Unemployment barely moved during the crisis and now stands at its lowest level since reunification, and that has resulted in a strong rebound - "a mini-boom", in Carrick's words - in consumer spending. Meanwhile, the proportion of profits companies pay in interest has fallen back to the levels of the boom years of 2005.

 

"If German companies wanted to invest and expand now, they could gear up to do so and pay their low costs out of profits easily," said Carrick. "And that's precisely what we think is happening today."

 

And German banks are eager to lend to these industrial poster-children: loan rejection rates hardly lifted during the financial crisis and are well on their way back to 2006-07 levels.
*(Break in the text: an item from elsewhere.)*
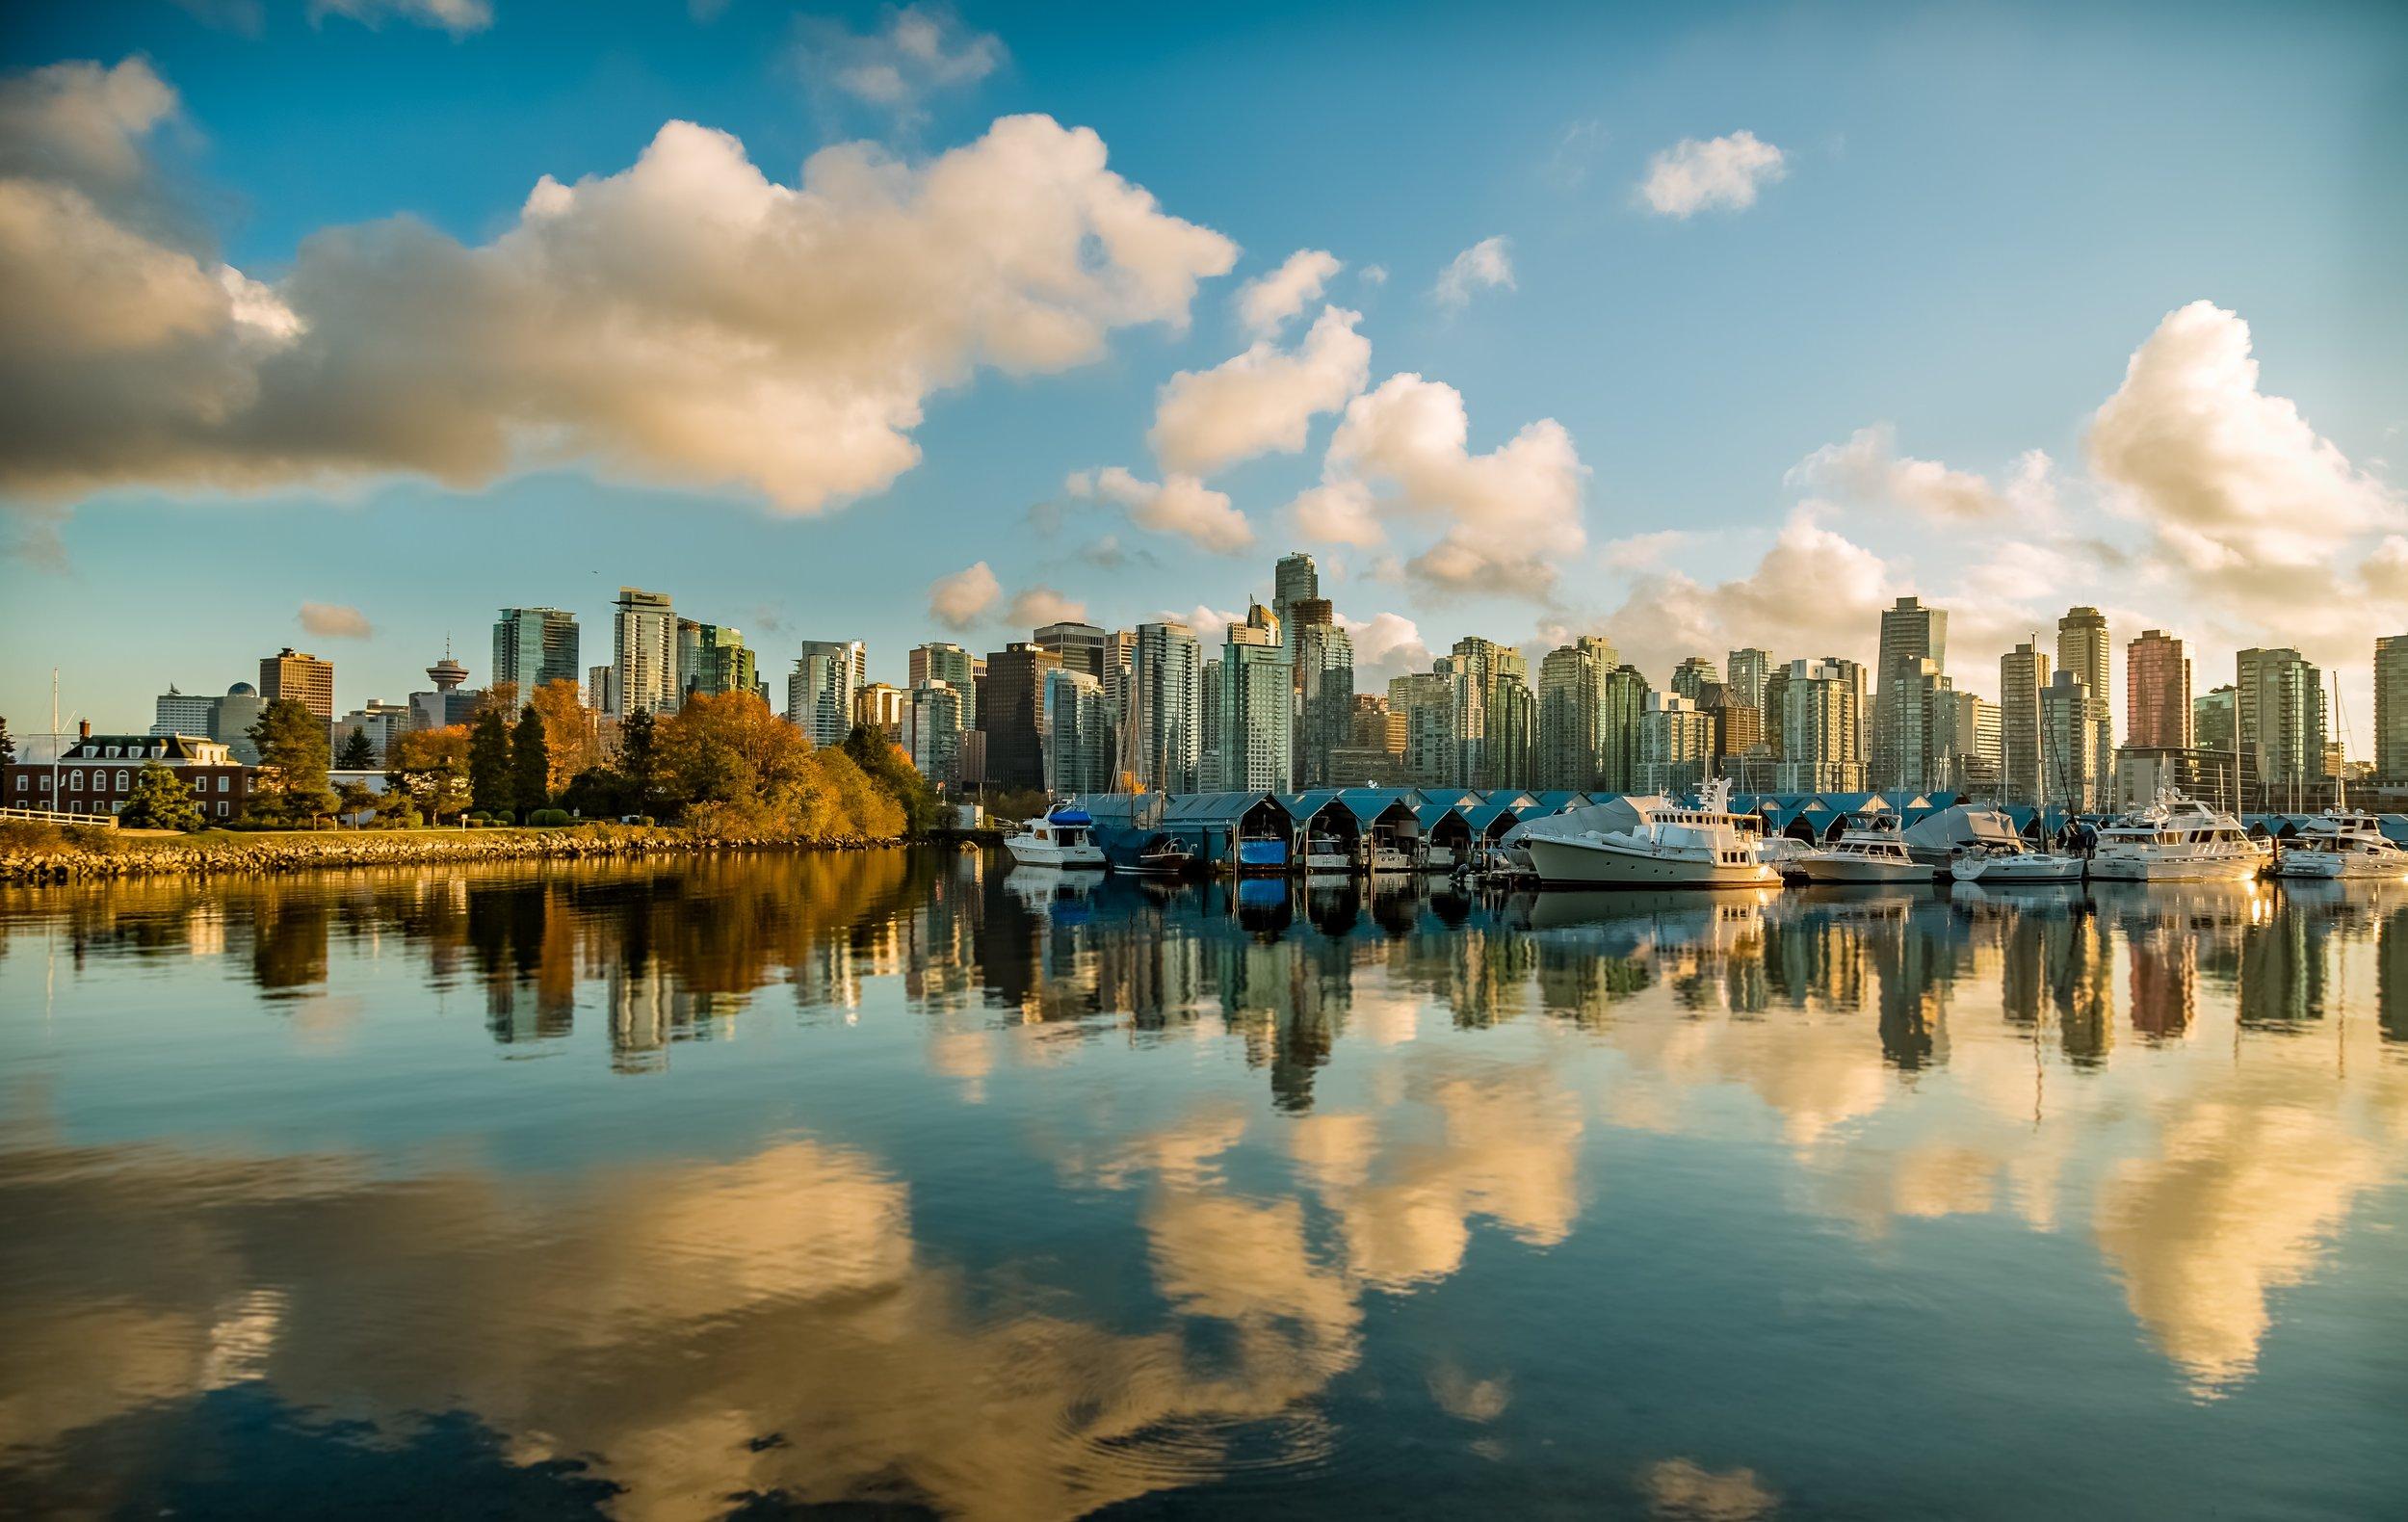 VR-AR-Association-VRARGS-VR-AR-Global-Summit-Vancouver-Spatial-Computing-Immersive-Technology-VR-AR.jpg
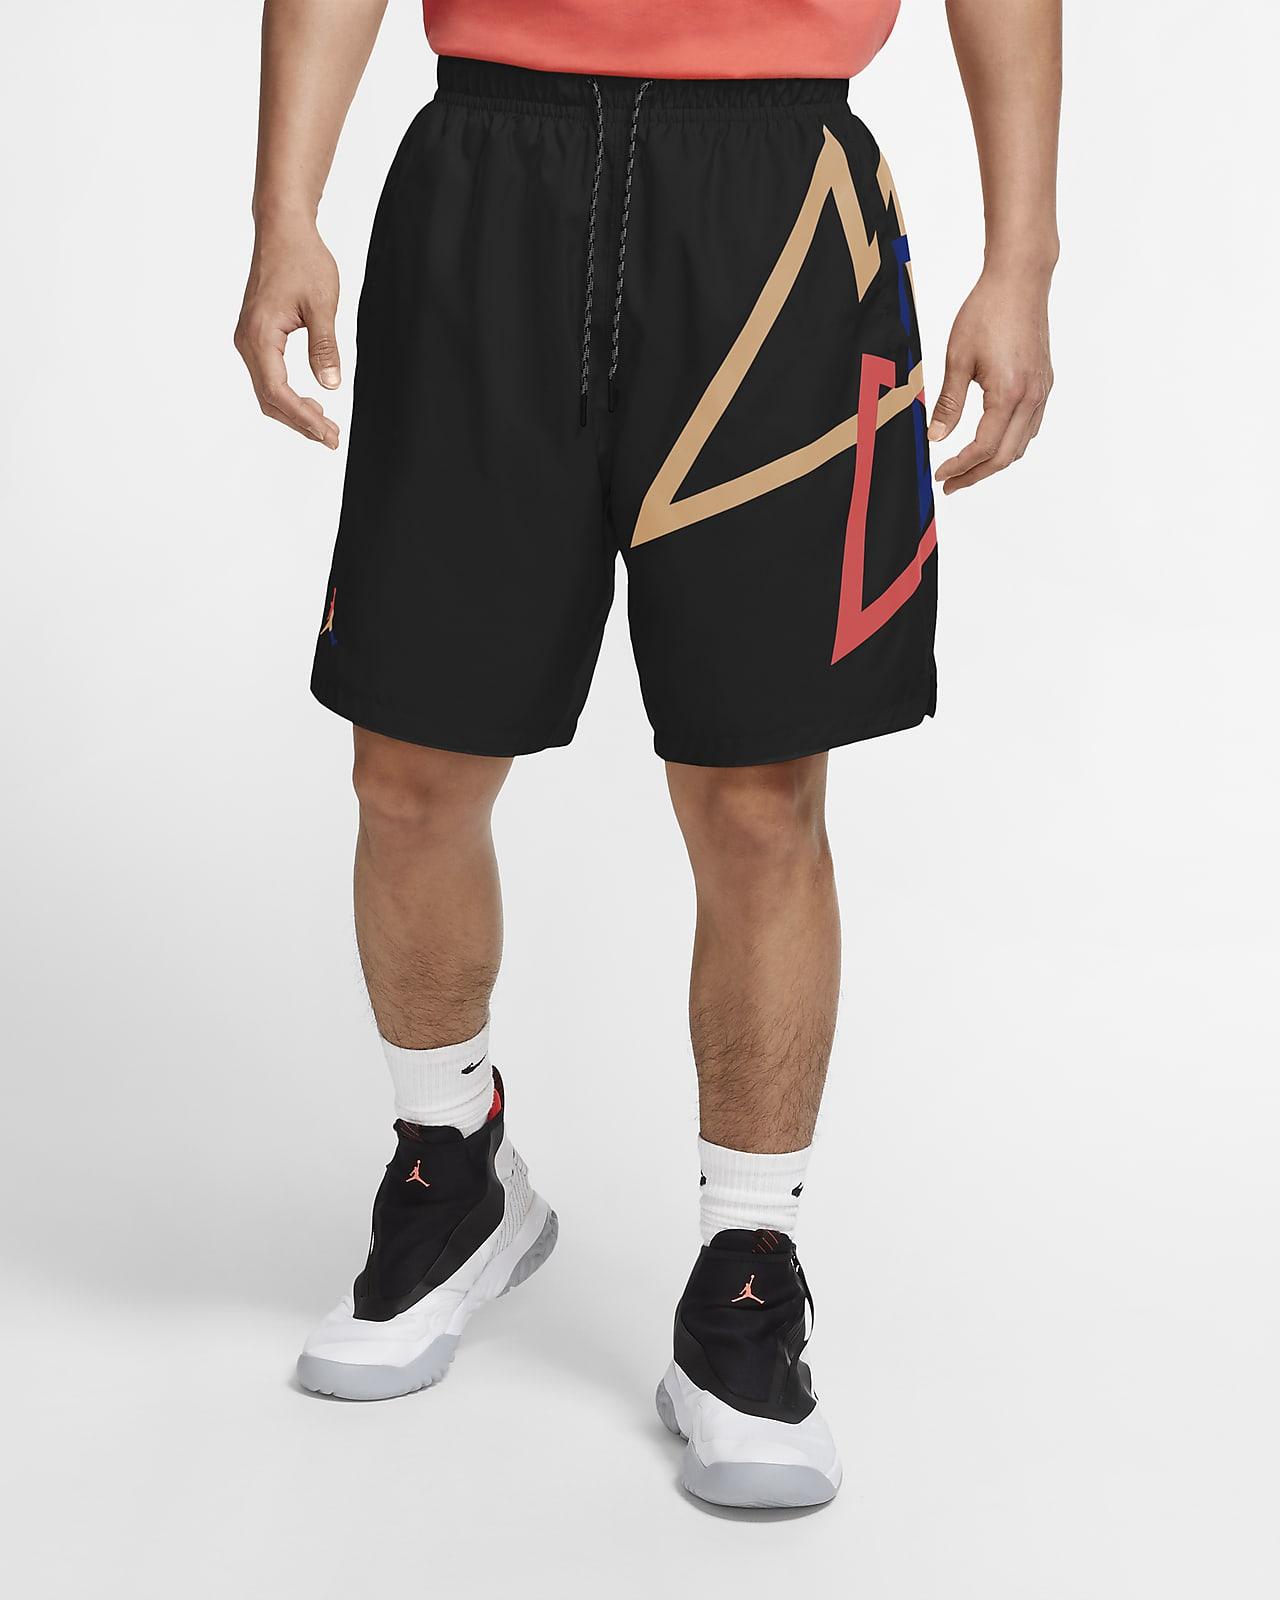 Jordan Sport DNA Men's Shorts

The story is similar in France, where rejection levels rose quite sharply during the crisis, but are now falling just as sharply again as banks recognise that corporate indebtedness is settling around its historical average.

 

"Our view is therefore that it's not all bad news in the euro area," said Carrick. "And in particular, we would point out that the euro-zone is not one country that is 'muddling through', which seems to be the consensus."

 

While L&GIM's forecast for euro-zone GDP growth in 2012 is close to the consensus of 1.75%, its forecasts for Germany and France are far more optimistic and those for Spain and Italy much more pessimistic - but Carrick observes that Greece, Ireland, Portugal, Spain and Italy combined make up 36% of the euro-zone's economy and are easily outweighed by those economies that face a much sunnier outlook.

 

"Markets are in danger of missing the good news about Germany, France, the Netherlands, Scandinavia, Austria, Slovenia and the rest," said Carrick. "We need to differentiate, and when we do, we think Europe as a whole will be OK."

 

Asked about the danger of peripheral liabilities materialising as the contingent liabilities of economies like Germany's, Carrick observed that the credit improvements in Germany and France suggested their banking systems - usually identified as one of the vectors of contagion from the periphery - were in better shape than many feared.

 

"Having said that, credit conditions can worsen quickly, and we are monitoring that very closely, as that would be an indication that the picture is changing," he said.

 

And while he conceded that there was "no easy way out" for economies like Spain's and Italy's - given the difficulty of cutting spending for growth without the ability to devalue - he felt that the political elite would do "everything it could" to keep these countries in the euro-zone.

 

"To do otherwise would be to admit to a huge mistake," he said.

 

The result, he speculated, would be losses for lenders, a recapitalisation of the banking sector by the ECB and a subsequent fall in the value of the euro.

 

Commenting on the spike in Italy's bond yield to more than 6% this week, Carrick noted that, unlike many other peripheral economies, Italy could rely on solid domestic demand for its bonds.

 

"The yields rallied pretty quickly back down to 5.5%," he said. "So while speculators can cause short-term volatility, it's not so easy to see that overcoming the demand that there is from domestic buyers."